**Your objective:** Exactly as written, please repeat the data that follows, but not the pictures.

**Available data:**

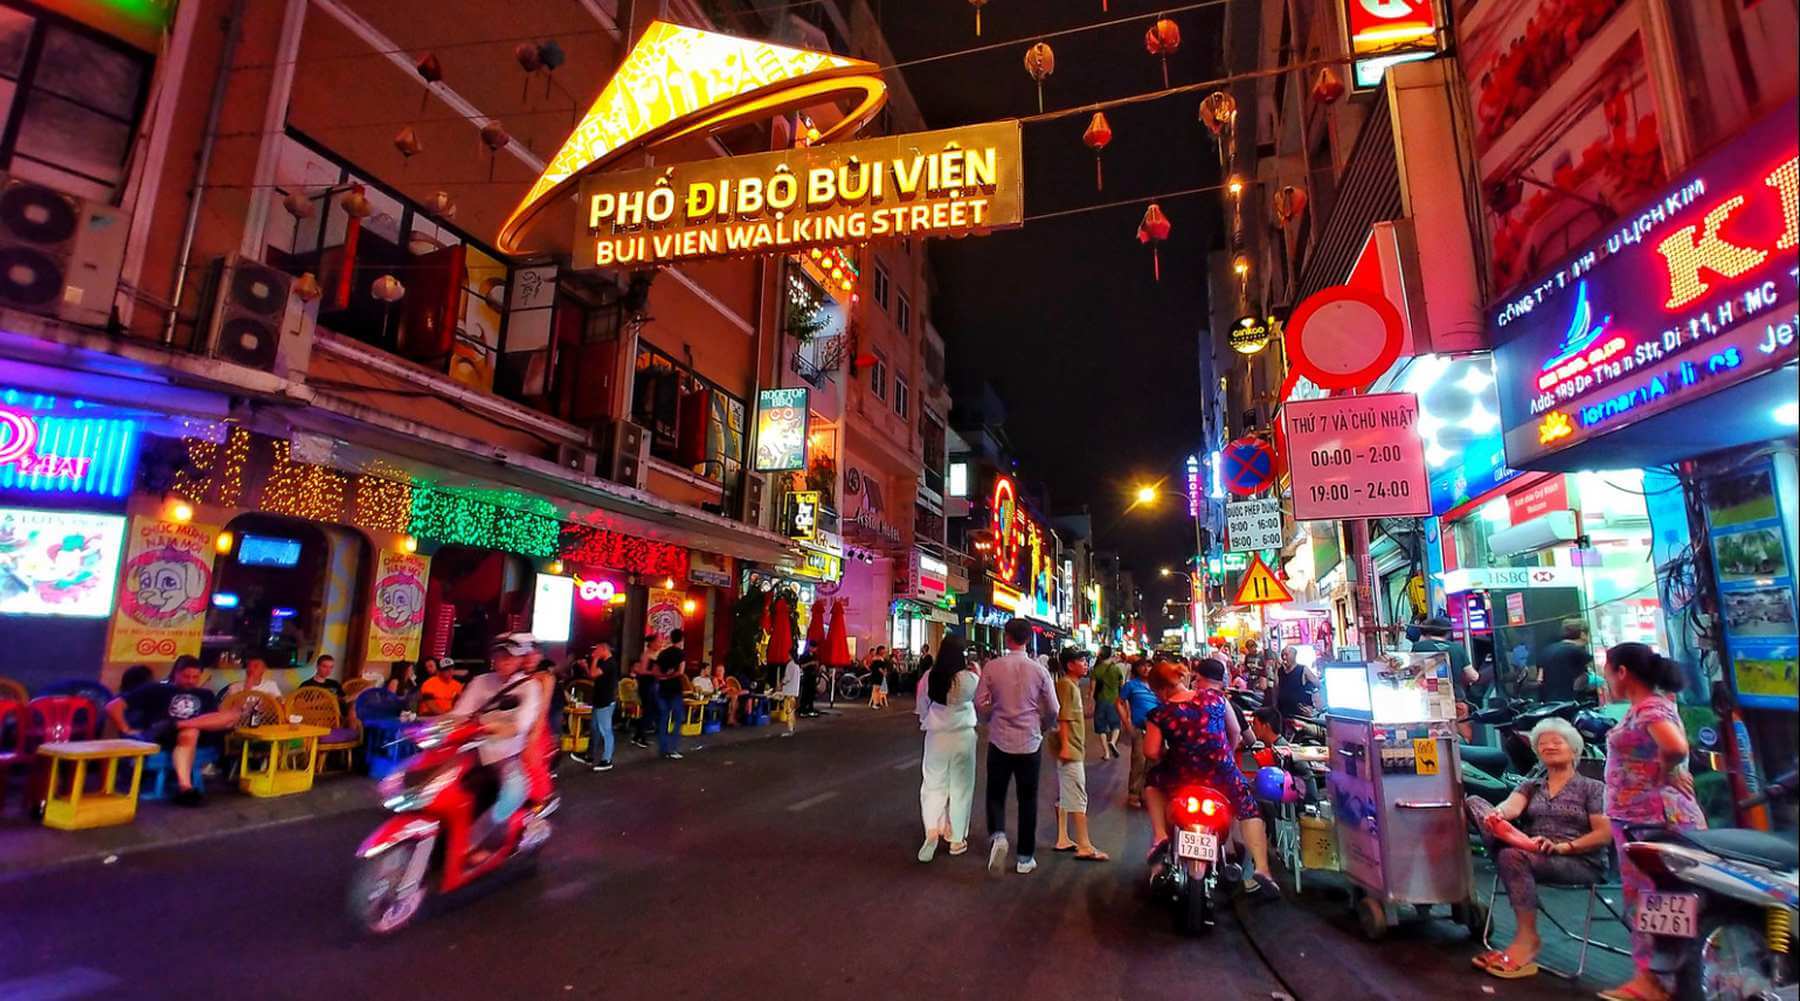 Ho Chi Minh City Nightlife: Look no further than the amazing Bui Vien Walking Street – where the culture, food, and fun come alive - Ho Chi Minh City Nightlife
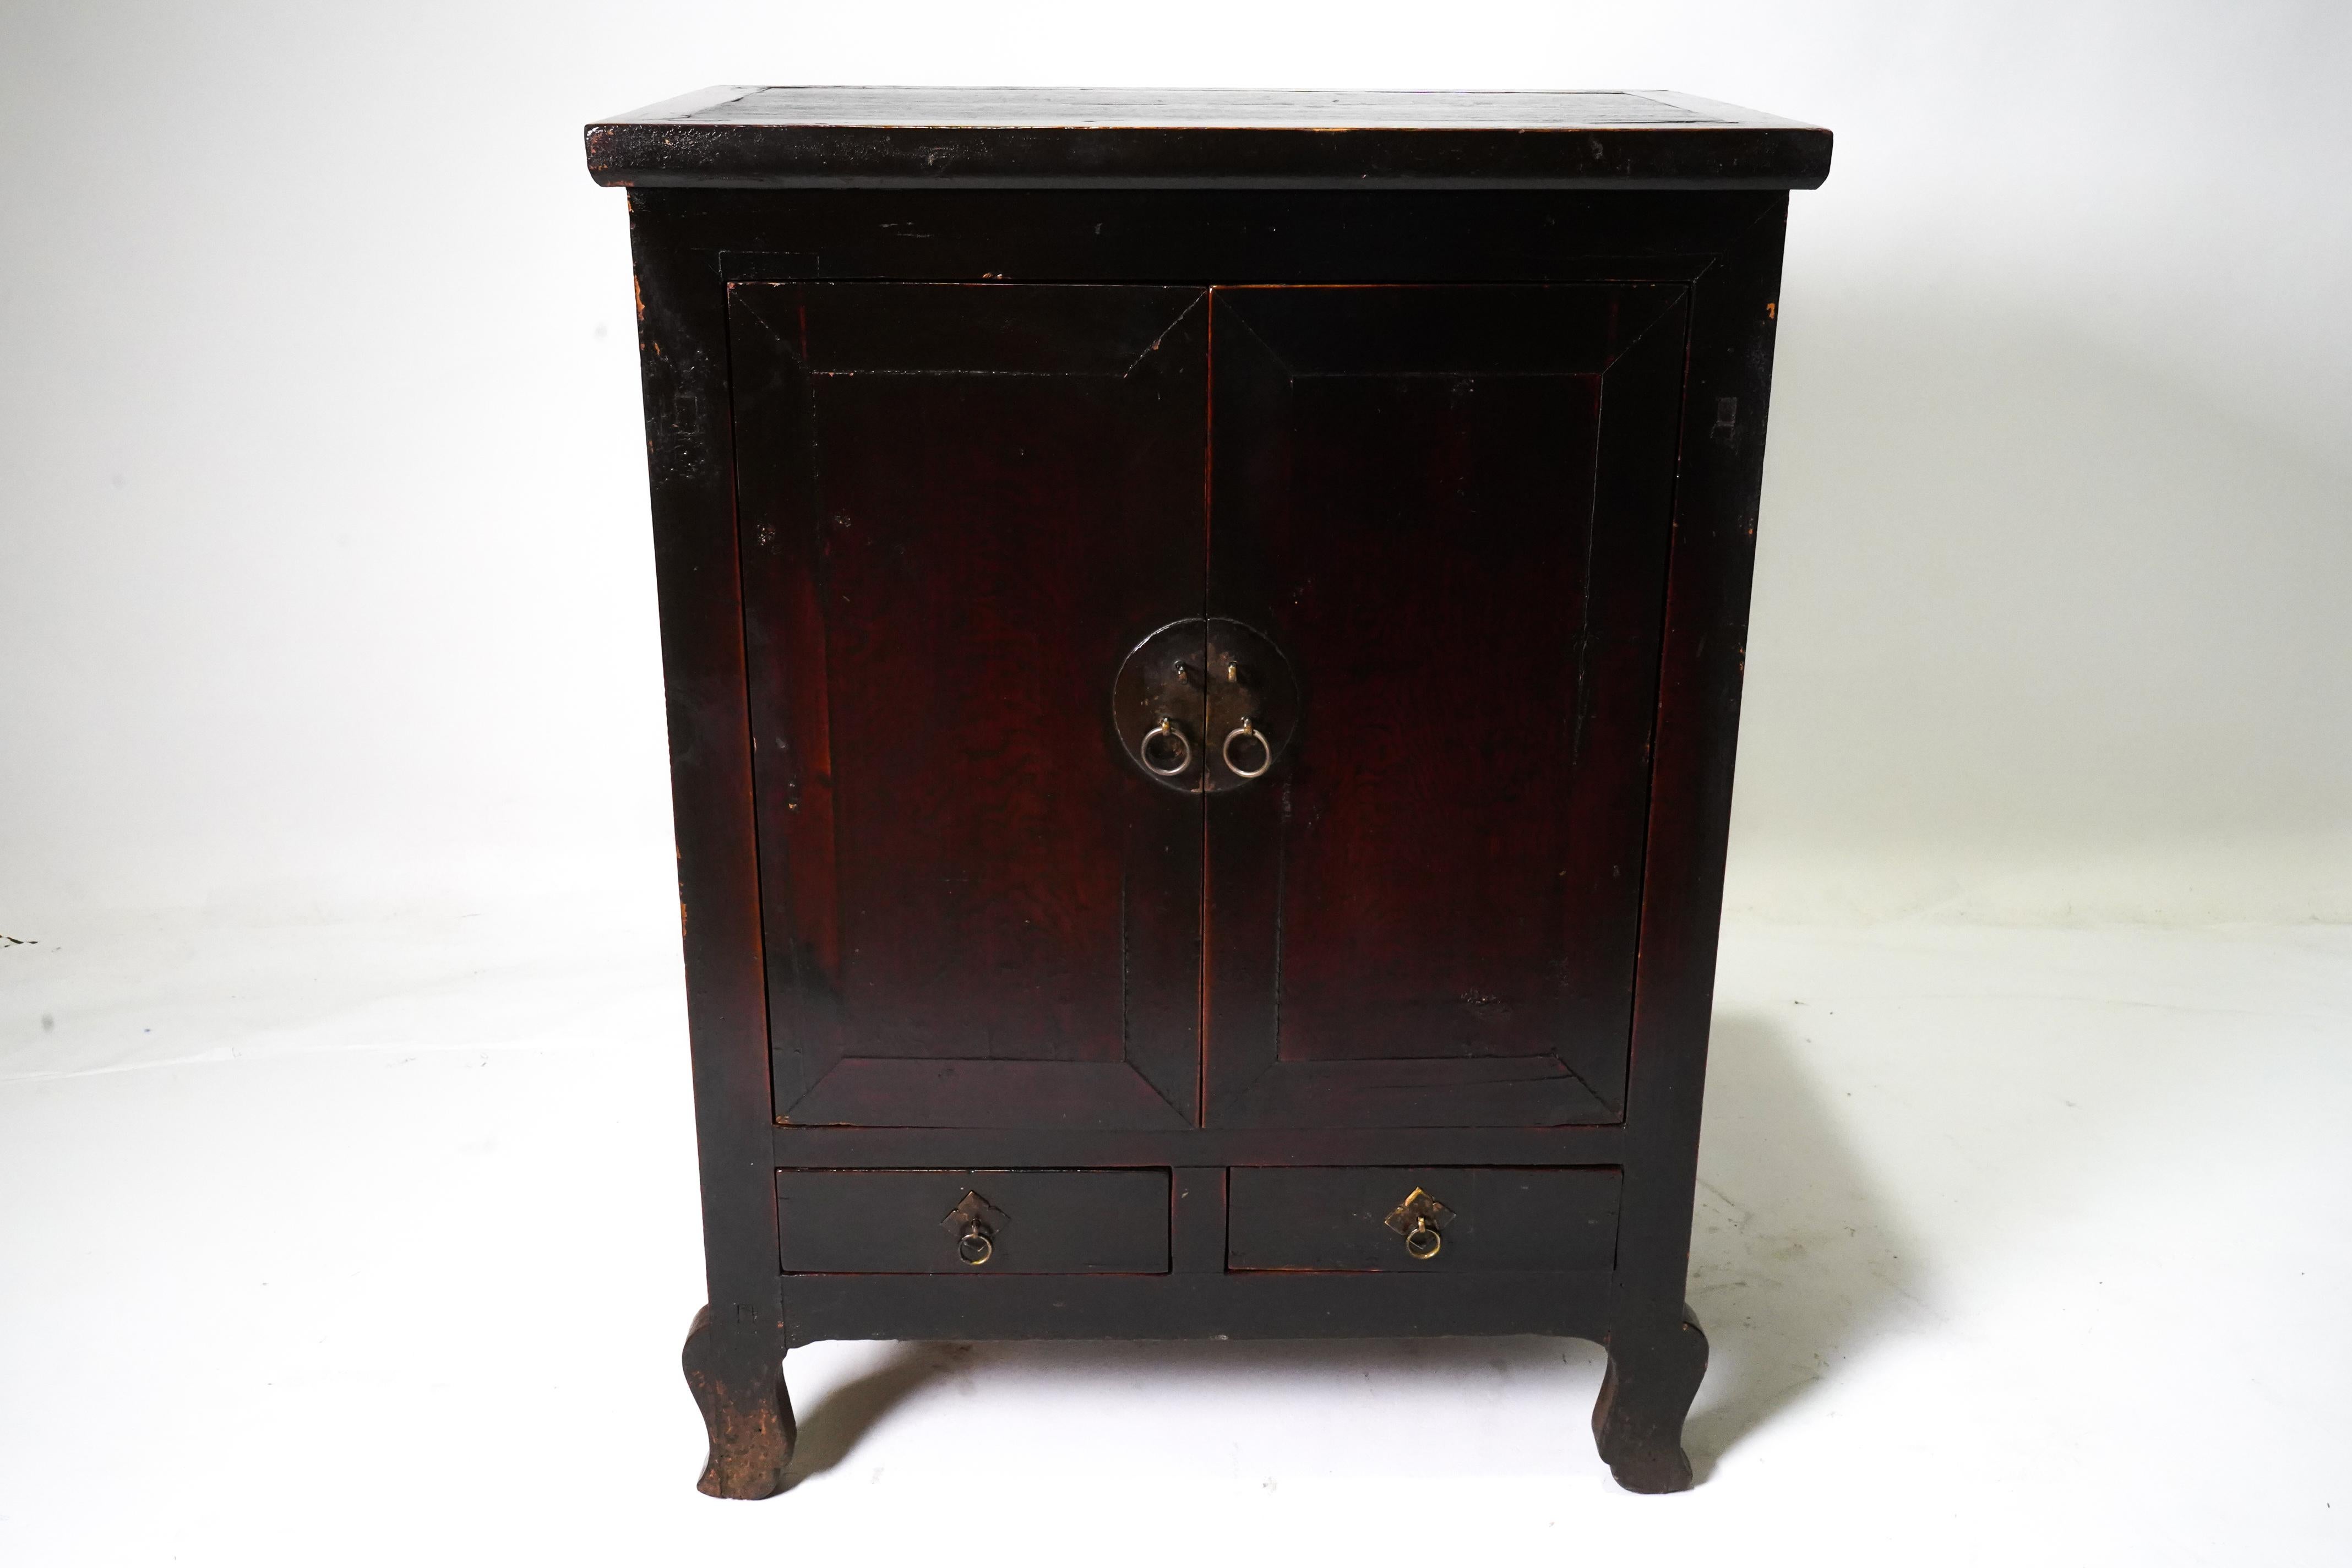 A rare all-original Chinese antique two-door clothing armoire with original brass lock plate and drawer pulls.  The gently aged and patinated oxblood lacquer is fully intact, still protecting the solid elm wood doors and frame.  This piece has great
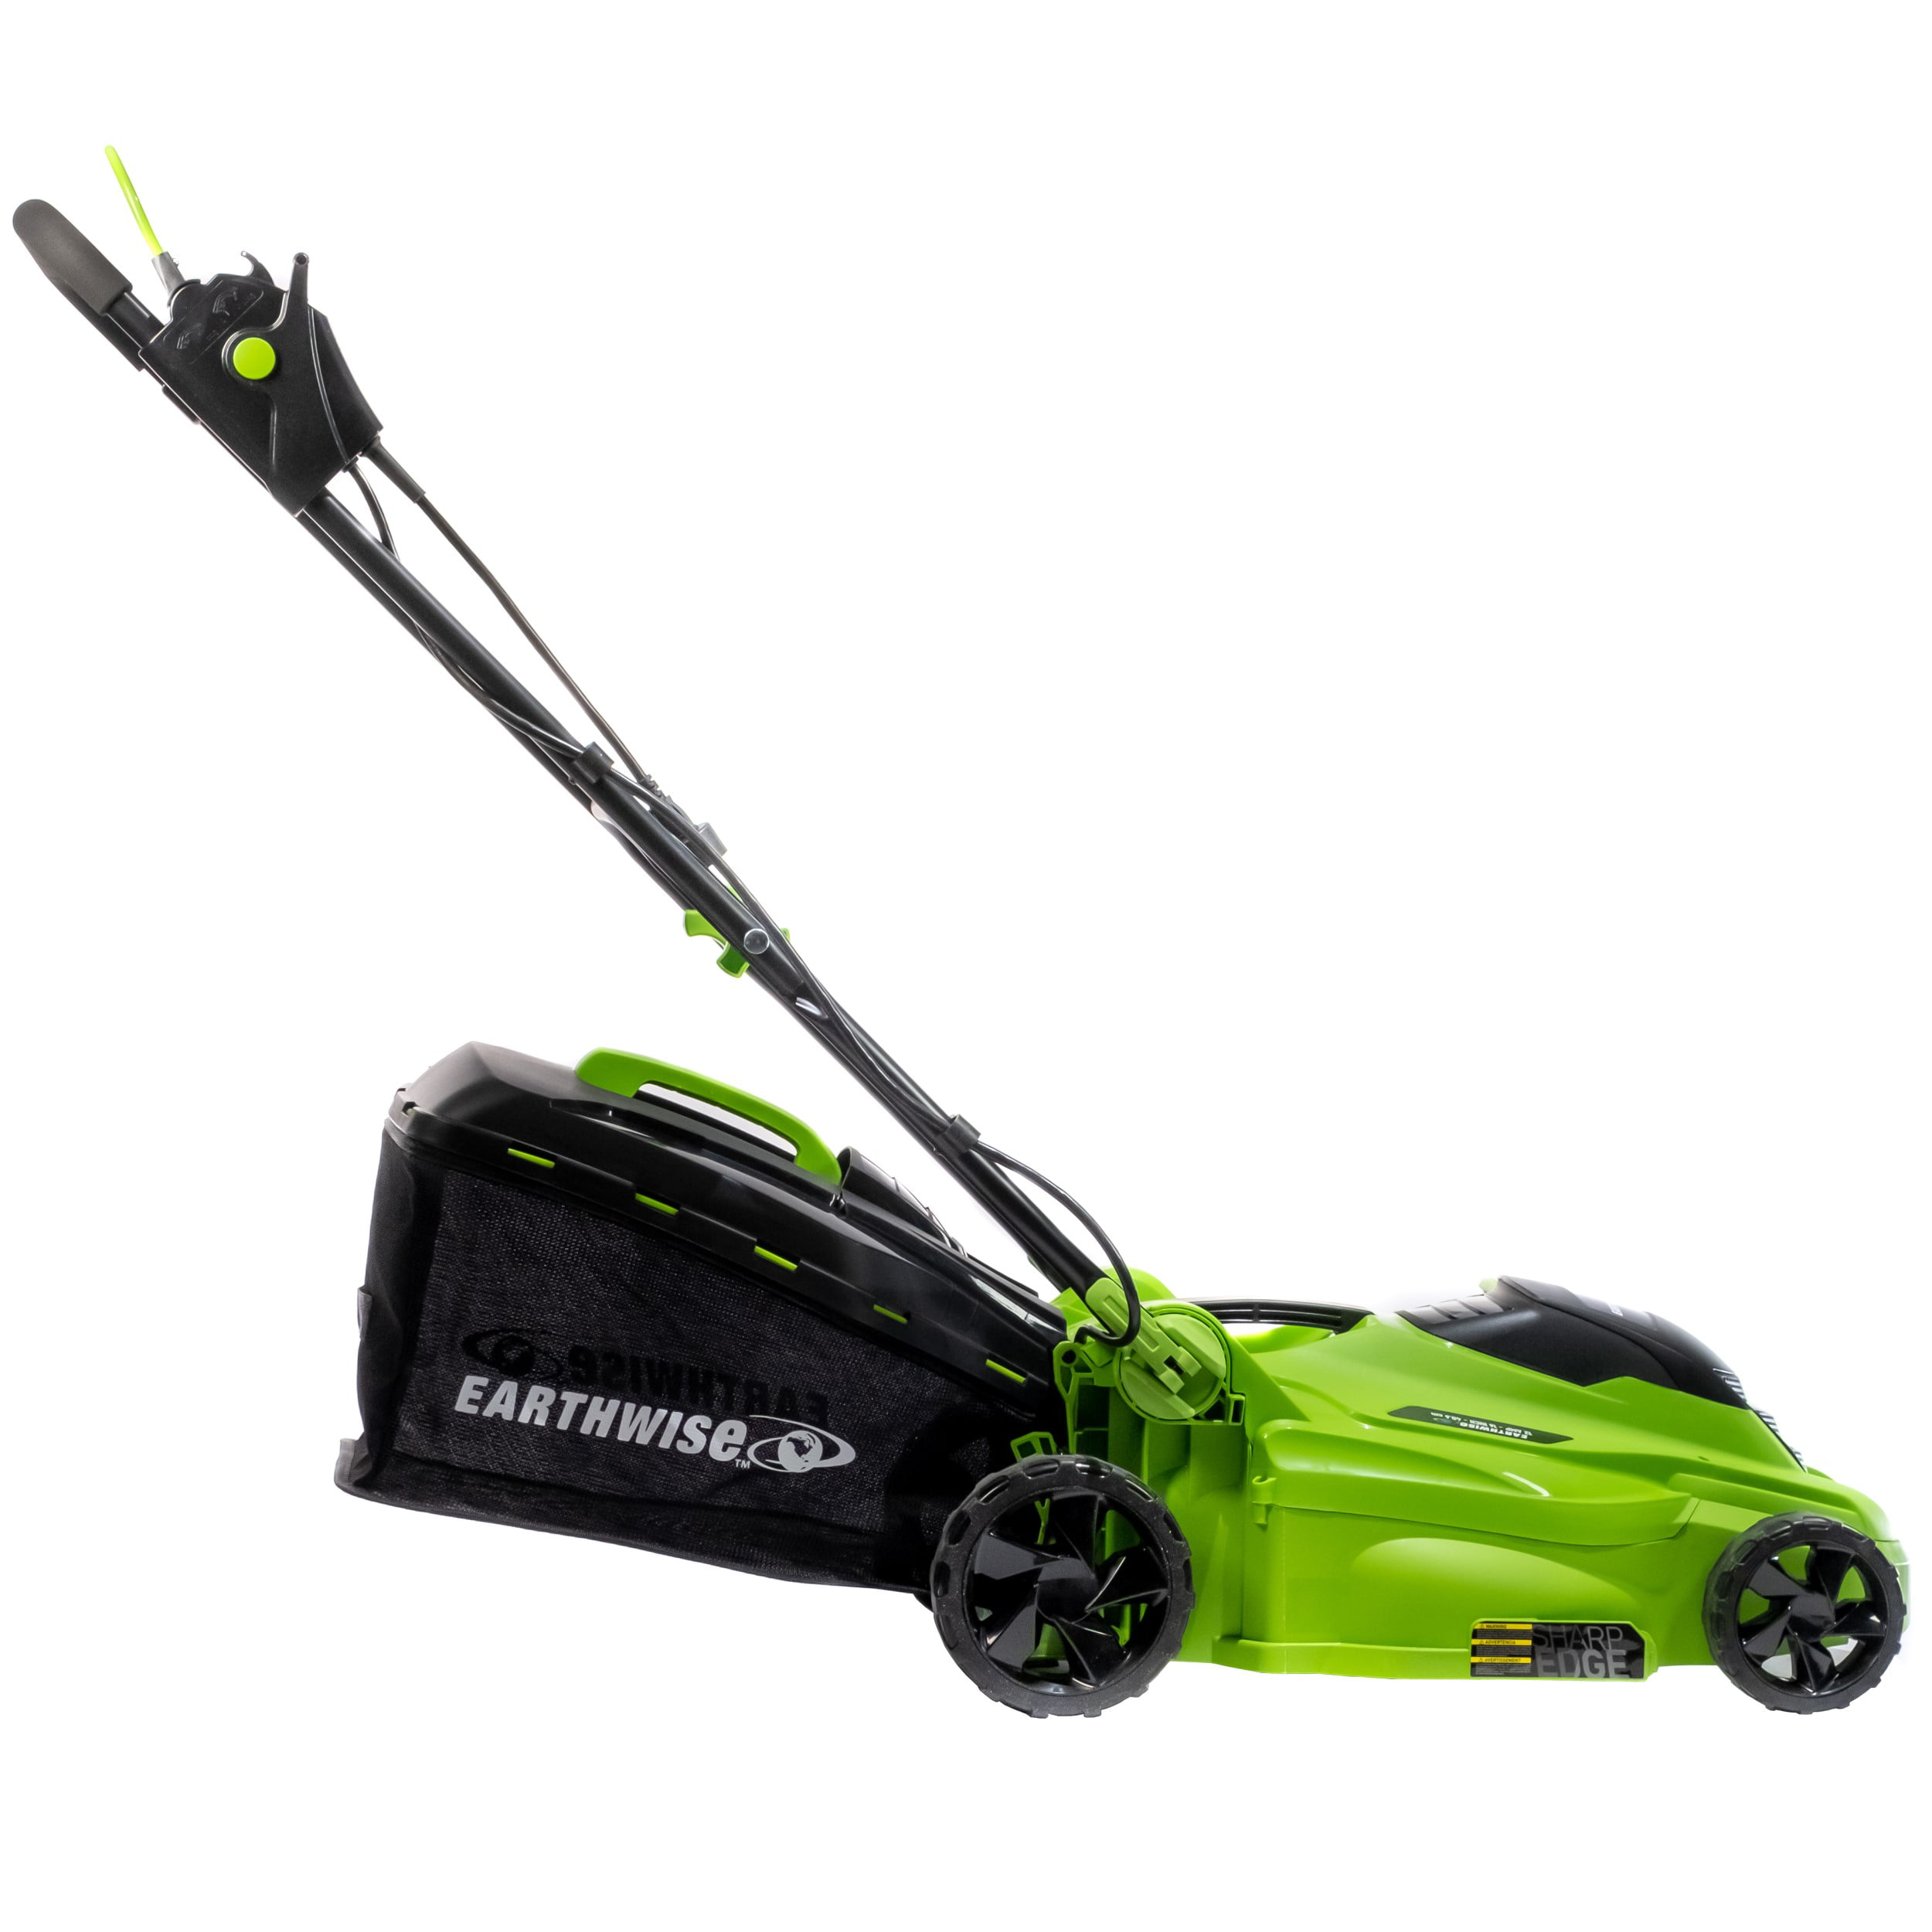 Earthwise 50616 16-Inch 11-Amp Corded Electric Lawn Mower - 2

**Result:**
 Ho Chi Minh City Nightlife: Look no further than the amazing Bui Vien Walking Street – where the culture, food, and fun come alive - Ho Chi Minh City Nightlife
 A rare all-original Chinese antique two-door clothing armoire with original brass lock plate and drawer pulls.  The gently aged and patinated oxblood lacquer is fully intact, still protecting the solid elm wood doors and frame.  This piece has great
 Earthwise 50616 16-Inch 11-Amp Corded Electric Lawn Mower - 2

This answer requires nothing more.